If the initial analysis variable was "genes", the items displayed e.g. in the Tabular Microarray Viewer will be the experiments, that is, microarrays. Their names will appear in the Tabular Microarray Viewer column labeled "Markers", as this labeling is currently fixed.


PCA vargene tab array pcs.png


If the initial analysis variable was "experiments", the items displayed e.g. in the Tabular Microarray Viewer will be the markers (genes). Their names will appear in the Tabular Microarray Viewer column labeled "Markers".


PCA varrarray tab gene pcs.png

Projection tab

In the Projection tab, a plot can be produced by selecting two or three components in the list and pushing the "Plot" button.

Set intersection display

For either the 2D or 3D projections, activated marker or array sets can be used to focus on specific data points. These sets are in addition to any that might have been used in the initial analysis.

If a marker or array set (depending on whether markers or arrays are displayed in the plot) is activated (in the Markers or Arrays components, respectively), only the intersection of that set and the analysis result will be displayed.

For example, if the analysis was in terms of experiments, then the plotted data represents markers (genes), and can be limited by activating a marker set. Only those markers that are both in the analysis result, and are in the activated set, will then be displayed.

Common Controls

  • Variance (%) - shows the total variance accounted for by all currently selected components.
  • Plot - Draw a plot for the selected components (2 or 3).
  • Clear Plot - Erase the current plot.
  • Image Snapshot - save a snapshot of the projection to the Workspace.

2D Projection

Selecting two components and pushing "Plot" will produce a 2-D graph,


PCA Projection 2D.png



3D Projection

Selecting 3 components and pushing "Plot" will produce a 3-D graph.

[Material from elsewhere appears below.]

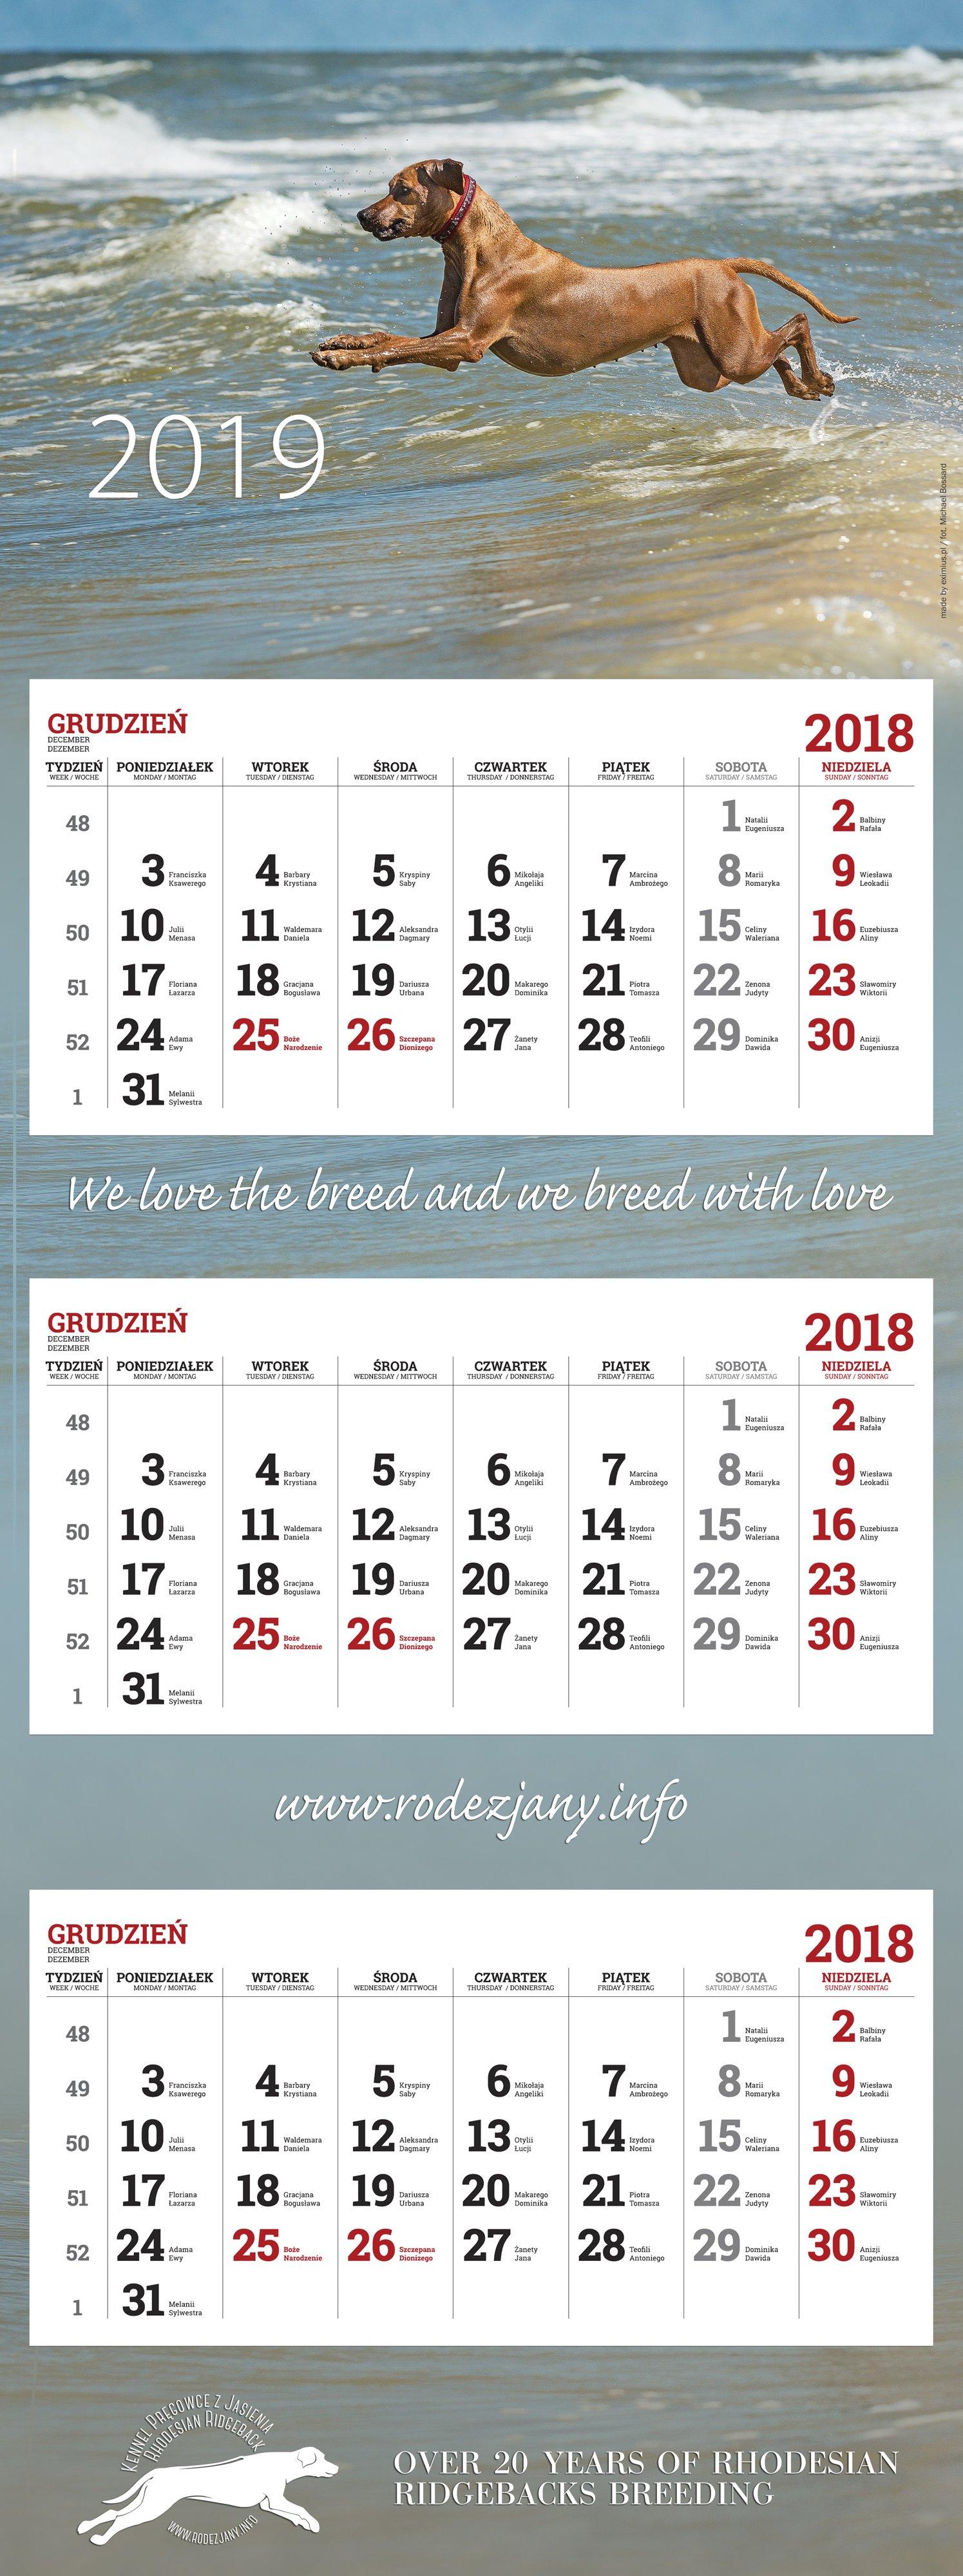 kalendarz-trojdzielny-nascienny-maxi-kalendarze-2018-maxi

The 3-D graph can be rotated by grabbing any data point by left-clicking on it and dragging it with the mouse.


PCA Projection.png


Left-clicking on a data point will also cause it to be highlighted in the Markers component.


PCA Selection.png


Below, the PCA result node is shown in the Workspace, along with a highlighted gene.


PCA Result.png


Below is a 3D projection of arrays (the analysis variable was genes)


PCA variable genes.png


and now with an array set activated, showing only the intersection:


PCA variable genes with array set.png

References - GenePattern

  • Reich M, Liefeld T, Gould J, Lerner J, Tamayo P, Mesirov JP (2006) GenePattern 2.0 Nature Genetics 38 no. 5 (2006): pp500-501 doi:10.1038/ng0506-500. (PubMed 16642009)
  • GenePattern modules documentation.


References - PCA

  • Raychaudhuri S, Stuart JM, and Altman RB. (2000) Principal components analysis to summarize microarray experiments: application to sporulation time series. Pac. Symp. Biocomput. 455-466. PubMed ID 10902193.